We want to begin to look at the term allegation differently. In law, allegation simply means that it is a fact assertion. This is good, bad, etc. In a complaint, you do not need to state all the facts, only the ones that are relevant to obtaining a relief.

In civil procedure, the plaintiff must show the “preponderance of the evidence” which means “more likely than not” or 50.1%. But this happens at trial. At the pleading stage, all we want to do is share just enough facts to say that the plaintiff may have a claim here. In other words, we are asking, “has the plaintiff met the bare minimum levels?” If so, then it can move onto discovery.

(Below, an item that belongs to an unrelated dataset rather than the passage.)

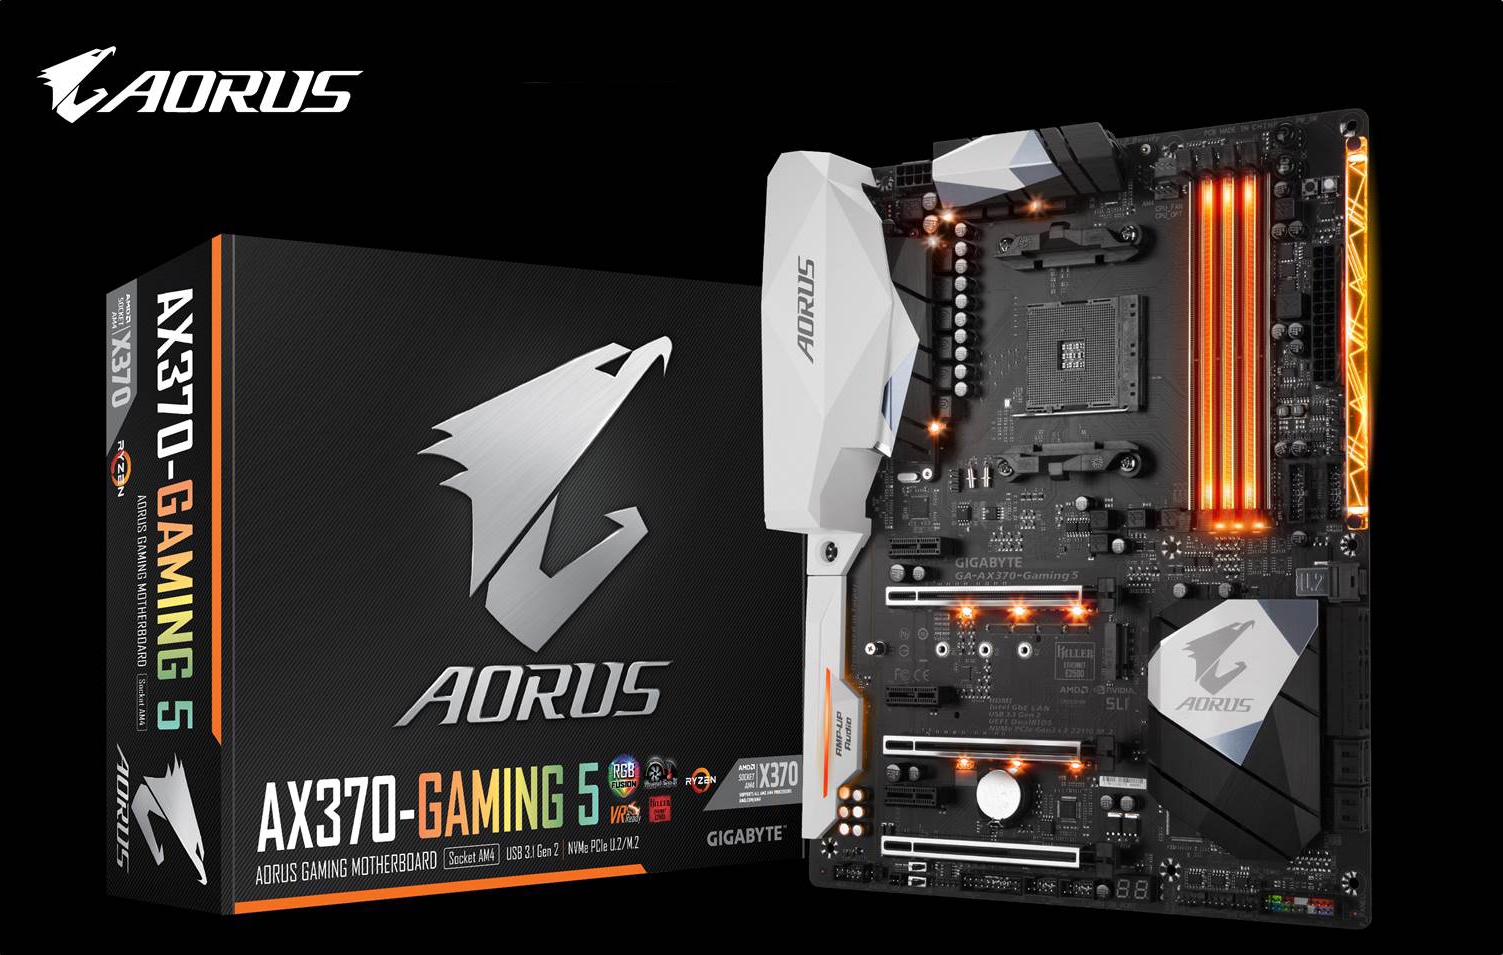 The Ideal Match for Ryzen 7 - AORUS AX370-Gaming 5

To show this, the plaintiff needs to connect the facts, with the legal claim. Because of this, the job of the judge is a gatekeeper. Their purpose is make sure the facts and law align. If there is a law, but the facts do not support it, then it should also be dismissed.

A claim in the plaintiff is referred to as a “count”. For example “Count I,””Count 2,” or “Count 3.”


The content contained in this article may contain inaccuracies and is not intended to reflect the opinions, views, beliefs, or practices of any academic professor or publication. Instead, this content is a reflection on the author’s understanding of the law and legal practices.